Bridge of Dreams – A Review of The World of the Shining Prince by Ivan Morris

 

Genji_screen_1
Screen depicting the Miotsukushi chapter of Murasaki Shikibu’s Tale of Genji, which is the centerpiece of Ivan Morris’s World of the Shining Prince (image via Wikimedia Commons)

The World of the Shining Prince  synthesizes a vast amount of Japanese history, anthropology, and aesthetics through the prism of the world’s first novel—The Tale of Genji by Murasaki Shikibu. From its sparkling prose to its lucidly conceived themes, this 1964 book by Ivan Morris must rank as one of the greatest achievements in liberal arts. Reading The Tale of Genji before reading The World of the Shining Prince is probably a good idea, and recommended, but not absolutely necessary. Morris’s book conveys most of the 1,000+ page novel’s plot—which spans 75 years around the turn of the 11th century and contains hundreds of characters—as well as its aesthetic flavor. The triumph of the book is that he adds so much more to the picture.

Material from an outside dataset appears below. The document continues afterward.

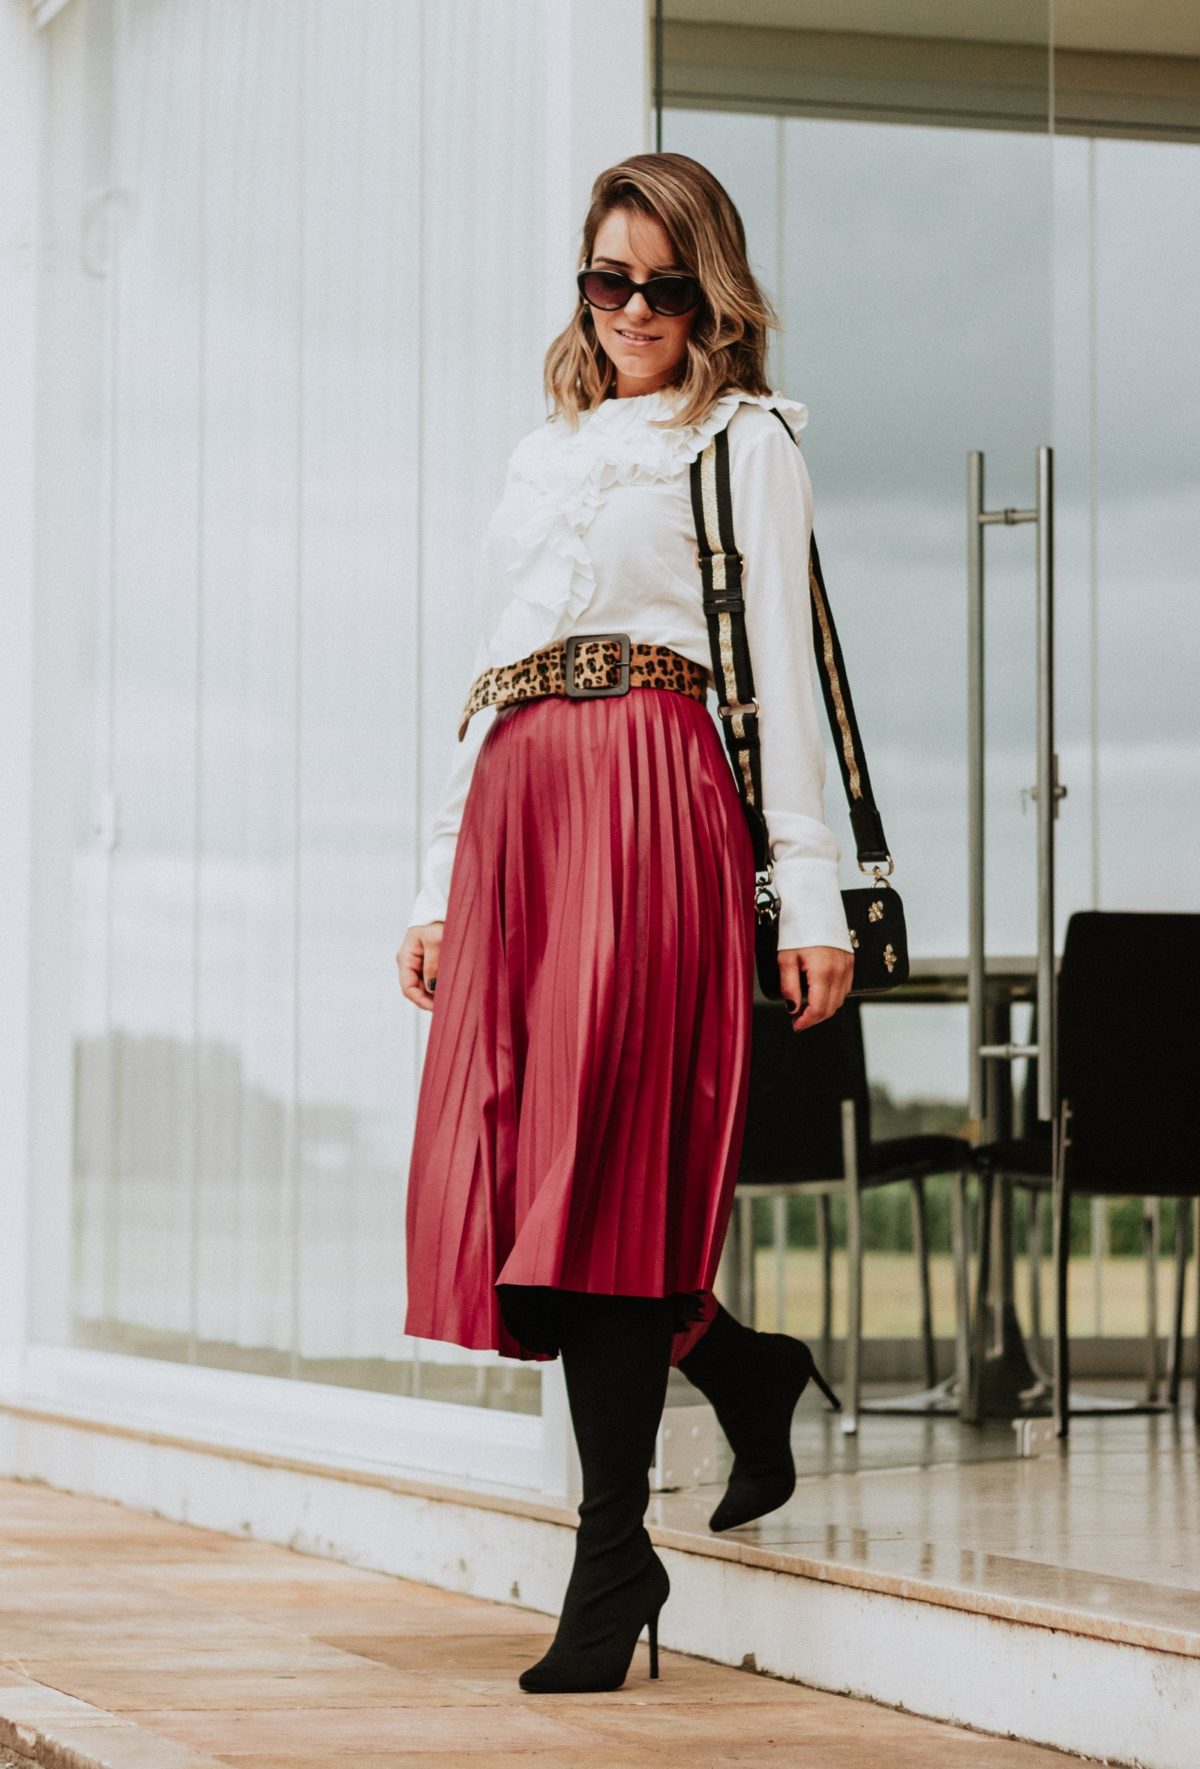 pleated skirt outfit winter with boots and belt hourglass figure

Morris writes that “The Tale of Genji gives a realistic and fairly complete picture of cultural life in the capital.” What his book adds is the context—historical, anthropological, political, artistic—that makes this picture more three dimensional. Reading The Tale of Genji is like being steeped in tea, soaking up dreamlike episodes linked by poems. Morris’s book is more clear-eyed, yet forms multiple bridges of understanding into the dream world.

The Shining Prince  in Morris’s title is none other than Prince Genji, the aristocratic ladies-man aesthete whose adventures are chronicled in the first two-thirds of The Tale of Genji. The author, Lady Muraski, was a noblewoman in the Heian-era court. Both main character and author are so absorbed in court life that a reader needs a guide like Morris to understand how unique, elite, and remote from other civilizations court life had become.

Genji’s era is known as the Heian, which lasted from 794 to 1185 and marked the rise of Chinese influence in Japan. The country became Buddhist during the preceding Nara period, and the borrowing of Chinese culture continued into the Heian. However, Morris makes an interesting point about the time period depicted by Muraski: that for 100 years the Japanese aristocracy had been purposefully distancing themselves from Chinese influence and retreating into a more insular and uniquely Japanese way of life.

This way of life could be extremely strange. Bureaucrats would often start their working day after nightfall and work into the pre-dawn hours, their dreary activities made more lively by drinking rice wine. Their lives were dominated by aesthetics such the turn of a poetic phrase that conjures meaning through allusion (Japanese are masters at speaking indirectly), the quality of a fabric, the thoughtfulness of an incense blend.

Why is this small cast of courtiers and their strange rituals worth studying? Because, Morris argues, they produced a unique and indelible flourishing of literature written by women (Murasaki and her contemporary Sei Shonagon being the most famous) that have not only stood the test of time but become increasingly renowned across the centuries. Only Shakespeare is trailed by more commentary.

The thing that really makes the book stand out to me—its heart, so to speak—is that Morris’s work builds upon Murasaki’s themes of dreamlike reality and impermanence. He writes toward the end:

Throughout the novel…Murasaki rings the changes on the image of dreams and thereby evokes one of her central themes—the nebulous, unreal quality of the world about us, and the idea that our life is a mere ‘bridge of dreams’ (the title of her final book), over which we cross from one state of existence to the next.

When I read this line, I thought that this theme is also a perfect metaphor for Morris’s own work.